So we search the kernel source for this keyword. Most occurences are just
drivers using this constant. But one hit shows its definition: `include/linux/muic/muic.h`. There we
find on [line 106](https://github.com/ivanmeler/android_kernel_samsung_herolte/blob/b51cf88008606ebac535785ff549b9f55e5660b4/include/linux/muic/muic.h#L106)
a comment which states that this constant represents a resistance of 619kOhm.
To actually build the serial cable, we need to have a USB Type B male connector that we can solder our cables to.
My first thought was to buy a simple and cheap USB Type B cable, cut it, remove the isolation and solder my
connectors to it.
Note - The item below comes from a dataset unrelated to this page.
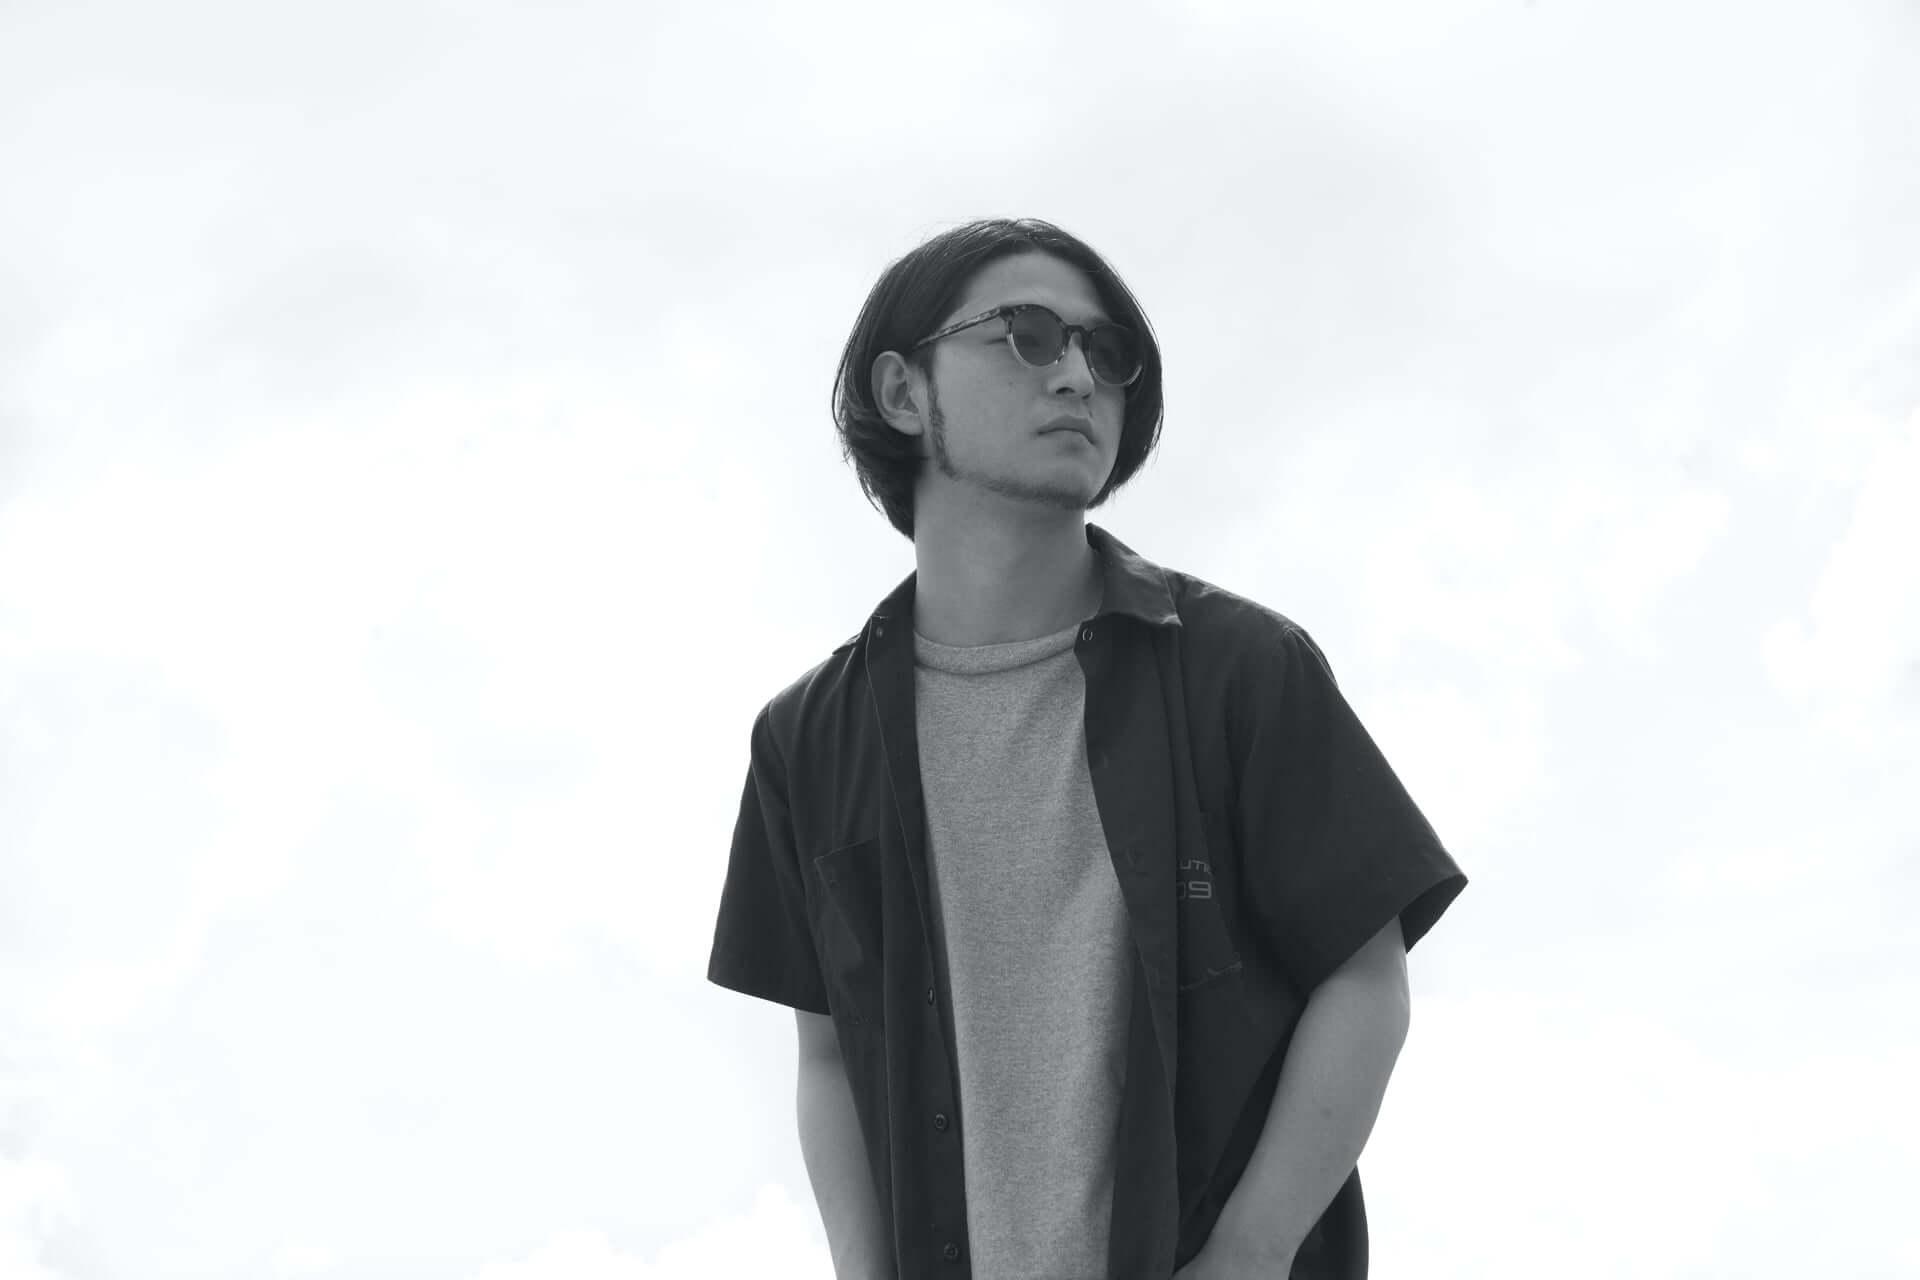 SOUNDS GOOD®︎とblock.fmのコラボ特番が本日放送|80KIDZ、TAAR、Shin Sakiuraが「ホームサンプリング」 music200527_soundsgood_8-1920x1280

I, however, failed to notice that the Type A part of the cable - the one you plug into e.g.
your PC - only has 4 pins, while the Type B part has 5. After stumbling upon some random diagram, I learned that
for regular USB connectivity, such as connecting your phone to your PC, the ID pin is not needed, so it is left
disconnected. As this plan failed, I proceeded to buy a USB Type B male connector. Since I bought it on the
Internet and the seller did not provide a diagram of what pad on the connector connects to what pin, I also
ordered a USB Type B female breakout board.
After all parts arrived, I used a digital multimeter to measure the resistance between each pad on the connector
and on the breakout board. Since I have no idea about electronics, let me explain: Resistance is defined as
$R = \frac{U}{I}$, where $R$ is the resistance, $U$ the voltage and $I$ the current. This means that we should
measure - practically speaking - infinite resistance when no current is flowing and some resistance $R \gt 0$
when we have a flowing current, meaning that we can test for continuity by attempting to measure resistance.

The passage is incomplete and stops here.